Par CHRISTOPHER HUDSON*

Dernière mise à jour à 23:50 2 mars 2007

(Traduction COMAGUER)


Après plus de 60 ans de silence, le secret le plus durable et le plus horrible de la Seconde Guerre mondiale est dévoilé à la lumière du jour. Un par un, les participants, aux cheveux blancs et aux manières douces, font la queue pour raconter leurs histoires terribles avant de mourir. Akira Makino est un veuf frêle vivant près d’Osaka au Japon. Sa seule habitude inhabituelle est de visiter régulièrement une petite ville obscure du sud des Philippines, où il donne des vêtements à des enfants pauvres et a érigé des monuments aux morts. M.Makino y était stationné pendant la guerre. Ce qu’il n’a jamais dit à personne, y compris à sa femme, c’est qu’au cours des quatre mois qui ont précédé la défaite du Japon en mars 1945, il a disséqué dix prisonniers de guerre philippins, dont deux adolescentes.
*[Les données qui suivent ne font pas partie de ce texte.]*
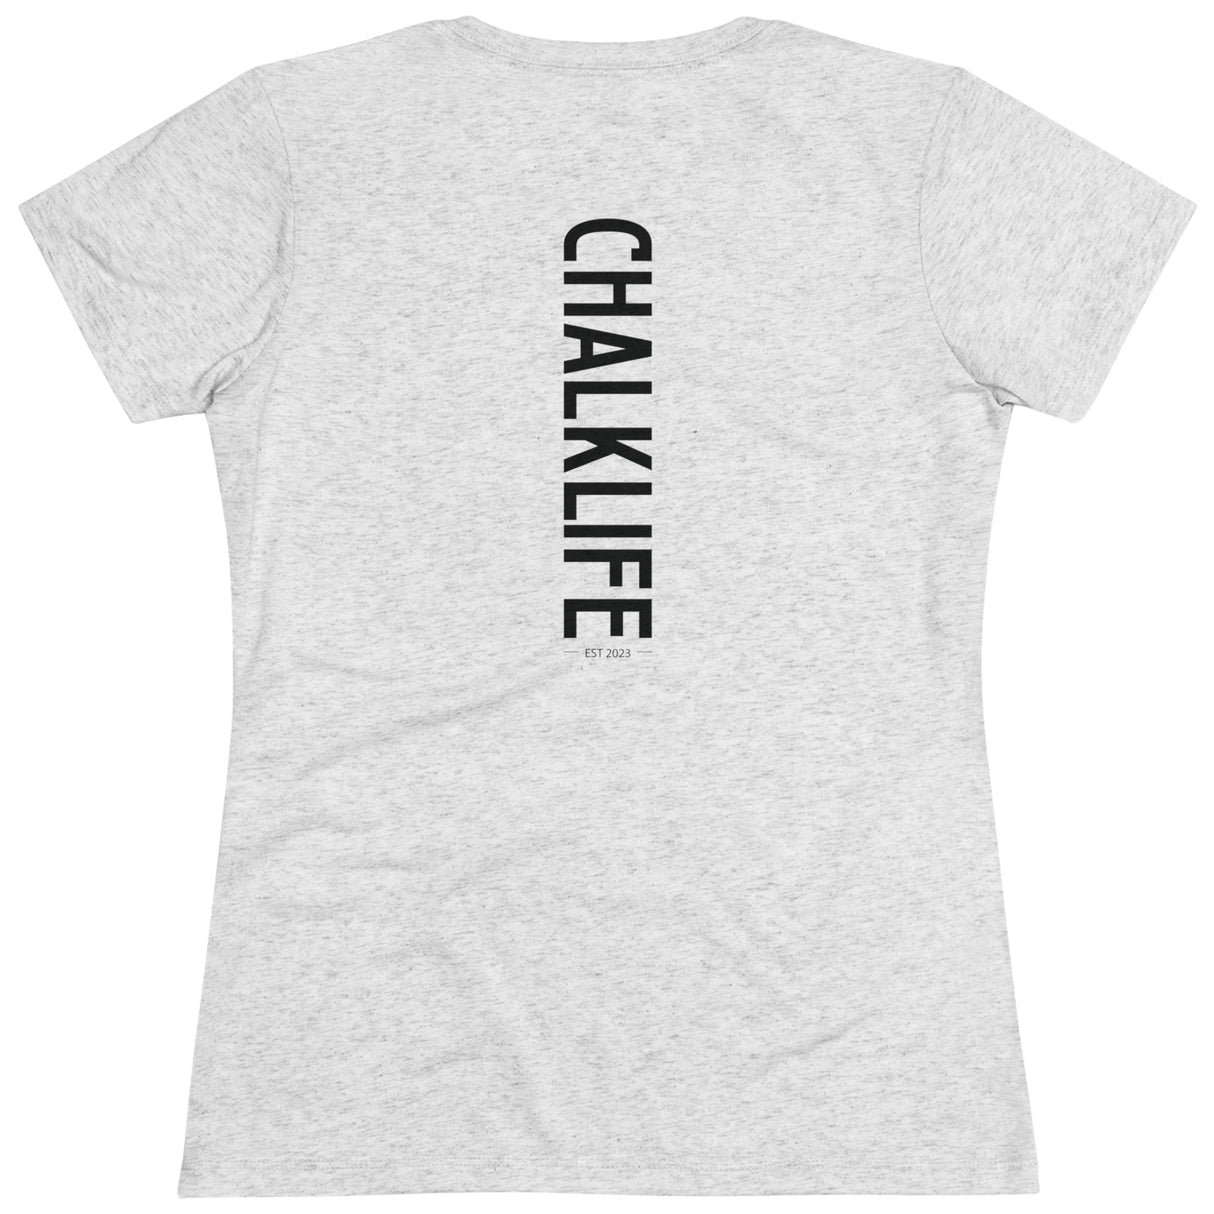 Arkansas Gymnastics T-Shirt (Fitted) - Chalklife, LLC
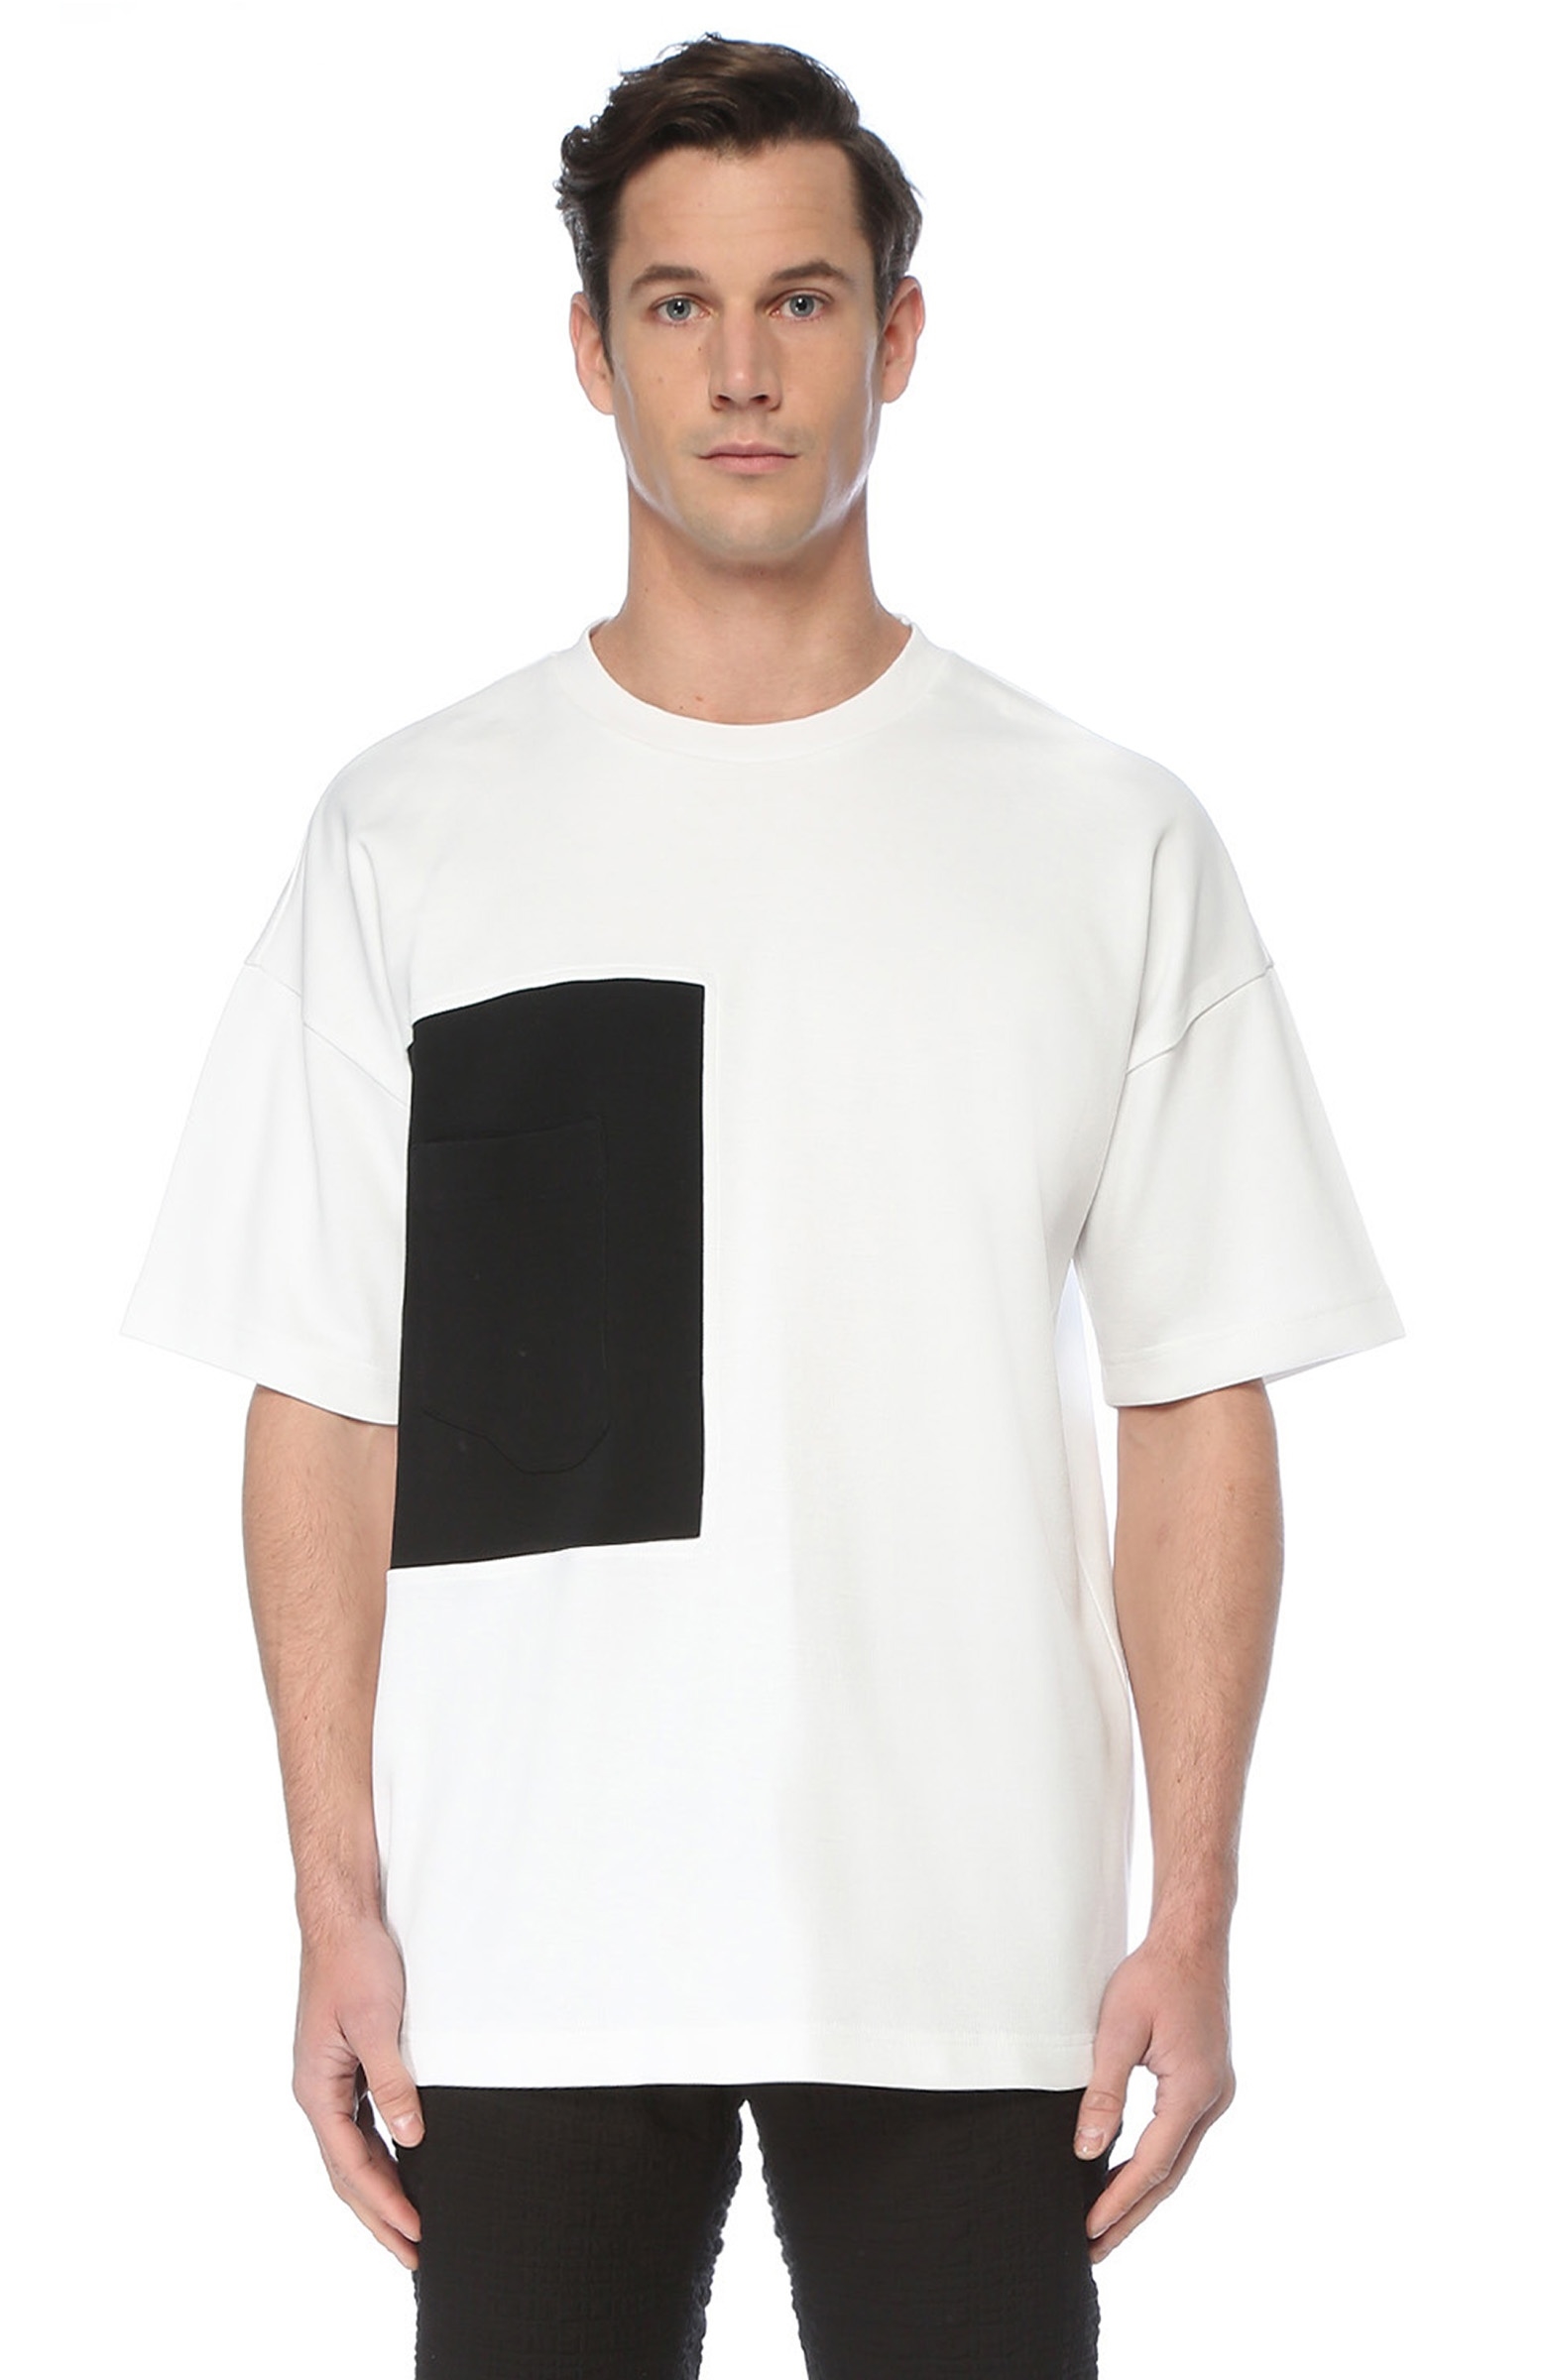 BJK x NetWork Beyaz Kontrast Cepli T-shirt

Il a coupé leurs foies, leurs reins et leurs utérus alors qu’ils étaient encore en vie. Ce n’est que lorsqu’il a ouvert leurs cœurs qu’ils ont finalement péri.

Ces actes barbares étaient, a-t-il dit cette semaine, “éducatifs”, pour améliorer ses connaissances en anatomie. “Nous avons prélevé certains organes et amputé des jambes et des bras. Deux des victimes étaient des jeunes femmes de 18 ou 19 ans. J’hésite à le dire mais nous avons ouvert leur utérus pour montrer aux jeunes soldats. Ils connaissaient très peu les femmes – c’était de l’éducation sexuelle. “

Pourquoi l’a-t’il fait? “C’était l’ordre de l’empereur, et l’empereur était un dieu. Je n’avais pas le choix. Si j’avais désobéi, j’aurais été tué.” Mais les vivisections étaient aussi une vengeance contre “l’ennemi” – des tribus philippines que les Japonais soupçonnaient d’espionner pour les Américains. Les prisonniers de M. Makino semblent avoir été plus chanceux que certains: il les a anesthésiés avant de les couper. Mais le département du gouvernement secret qui a organisé de telles expériences dans la Chine occupée par le Japon a pris plaisir à expérimenter sur leurs sujets alors qu’ils étaient encore en vie. Un vieux fermier japonais jovial qui pendant la guerre avait été assistant médical dans une unité de l’armée japonaise en Chine a récemment décrit à un journaliste américain ce que c’était que de disséquer un prisonnier chinois encore en vie.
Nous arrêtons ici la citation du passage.